With your budget the the best choices from my perspective on your budget the Avid still comes first, a Zenbot second or a joencnc if you have the mentality to build a machine form scratch. Now if you decide you don't need the 48" cut width for plywood then my recommendations change. Again, most every machine on the market right now works and is fun to use, no matter the tech. I will say used machines generally sell for so much less maybe they are worth a look. 

I have to say I just was not and am not impressed with the onefinity or any copy of that machine. I owned one and sold it in less than a month to a friend that liked it The zenbot even being plastic and belts, in my shop, to my eye, proved to be more robust and stiff. Yes, the onefinity works, but for me I had a nagging feeling I should slap a laser on it, not a router. That of courser is just my opinion, many guys love them and they work great for them, but for a bit more money there are so many more robust designs out there(again just my opinion form actual use).


----------



## Er10111 (Apr 17, 2021)

Thank you sir I really appreciate your opinion. I was lead to believe the belt driven ones where way inferior. I’m really leaning to the Avid at the moment. I’m just trying to get started with one and I do realize it won’t be my last machine. Thank you for the info


----------



## Graham Prinn (Oct 29, 2019)

Have you looked at the workbee, bulkman has them around your price range for 1500 x1500 mm or close to 4'x4'. Check eBay, I think openbuild has the same machine. They also have an upgraded kit to beef it up a bit more. I got the bulkman kit but haven't put it together yet. I also changed the lead screw to 1/2" 5 start, didn't like the ones that come with it, more for a 3d printer.


----------



## Er10111 (Apr 17, 2021)

Yeah I was looking at the 1515 lead kit on ebay, but can’t seem to find any reviews on it. Not sure if its a good option or not.


----------



## Graham Prinn (Oct 29, 2019)

Er10111 said:


> Yeah I was looking at the 1515 lead kit on ebay, but can’t seem to find any reviews on it. Not sure if its a good option or not.


There are a few youtube videos, some guys have cut metal with the workbee, it'll cut aluminium for sure, They have the upgraded version that makes the machine a lot more ridged, But I wouldn't get their drivers and motors, you can better ones for just a bit more. I hear guys liking the belt drive, Get a bit more speed I guess, depending on the tolerances you need, if it's just wood your cutting I guess the belt would be good. like I mentioned I changed or changing my lead screw to 1/2 inc multi-start acme. I think you might get a bit more accuracy with a screw drive. But they do have another upgrade that removes any whip on their screw drive if you don't want to bother changing any bearings and redrilling any holes.


----------



## Er10111 (Apr 17, 2021)

I appreciate the info. Where would I get better drivers and motors?


----------



## Graham Prinn (Oct 29, 2019)

Er10111 said:


> I appreciate the info.

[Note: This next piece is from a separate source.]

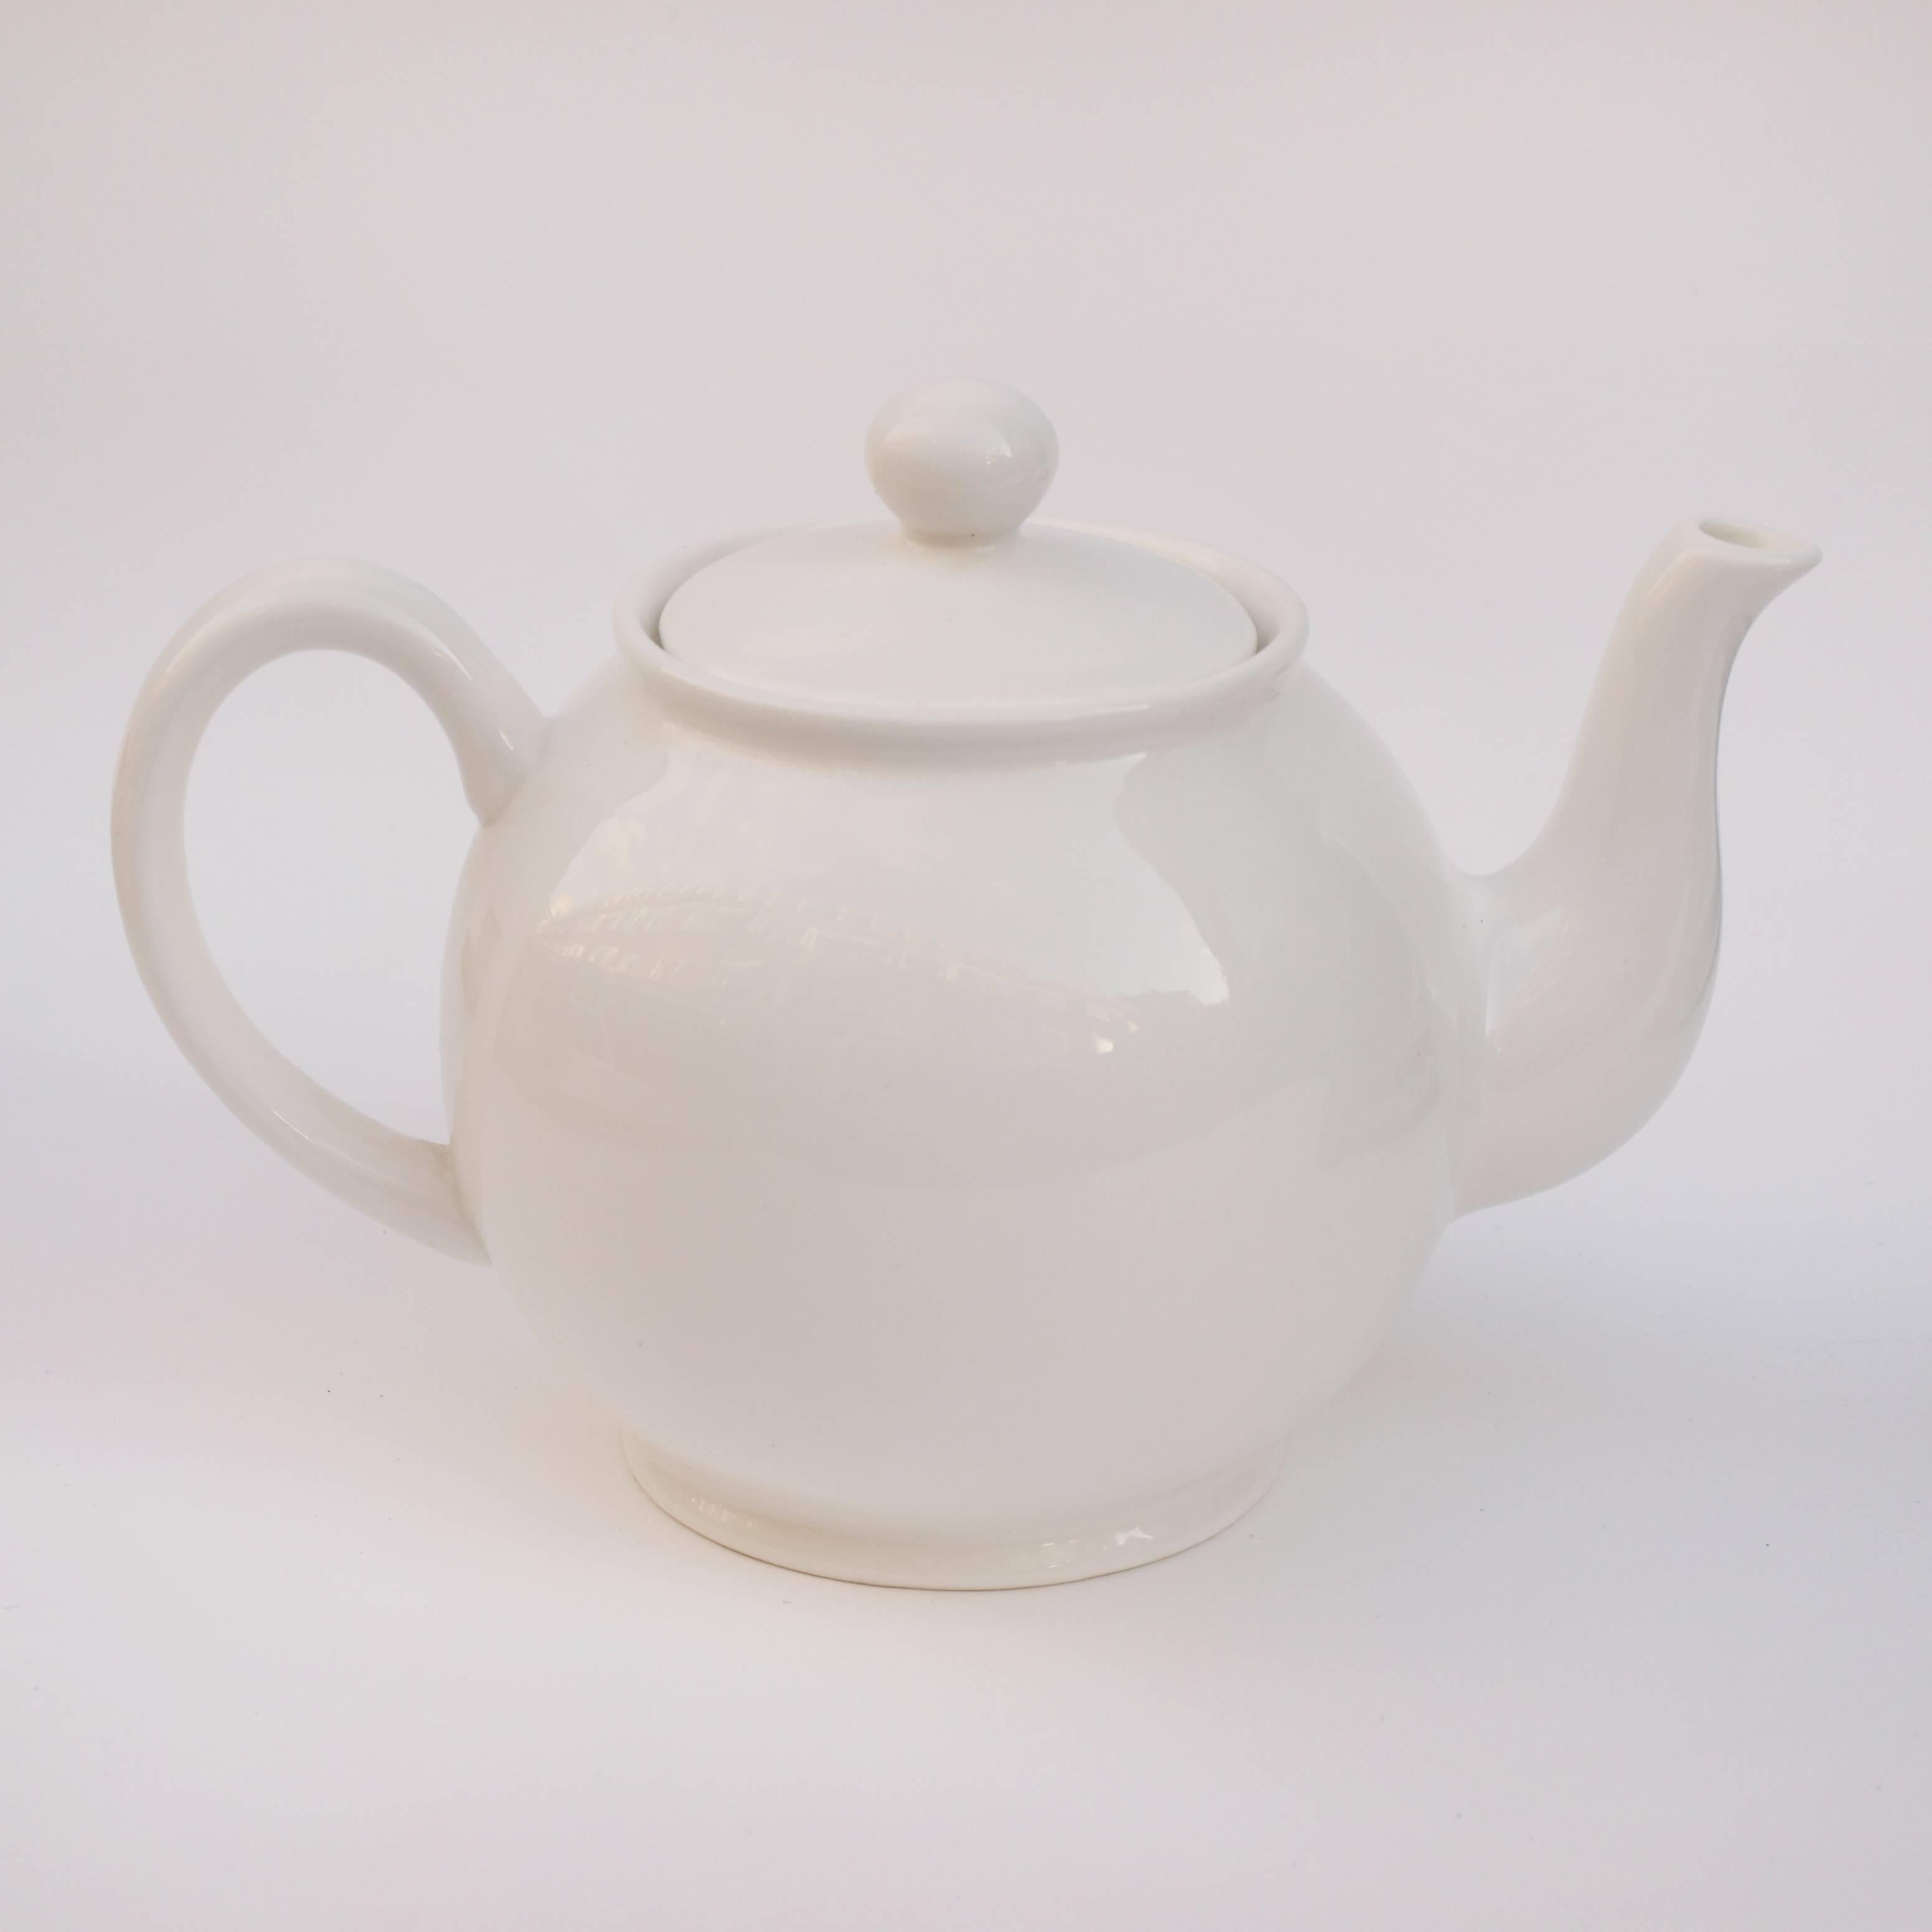 Porcelain Tracey Emin, Foundlings and Fledglings, Our Angels of This Earth, Teapot, 2007

Where would I get better drivers and motors?


eBay or Amazon are a good place to start. There are a few good sellers on the net. You don't need anything huge to run the machine, 425 oz steppers with a 5 amp drivers should be good, I'm no expert at the electronic part, I got the electronics from bulkman that came with the machine and they were tiny, more for a 3d printer than a 1515 cnc router so I got a larger set. Longs motor 4axis Nema23 stepper motor 425oz 4.2A 23HS9442 CNC Router | eBay this is the package I purchased. they should run the machine fine.


----------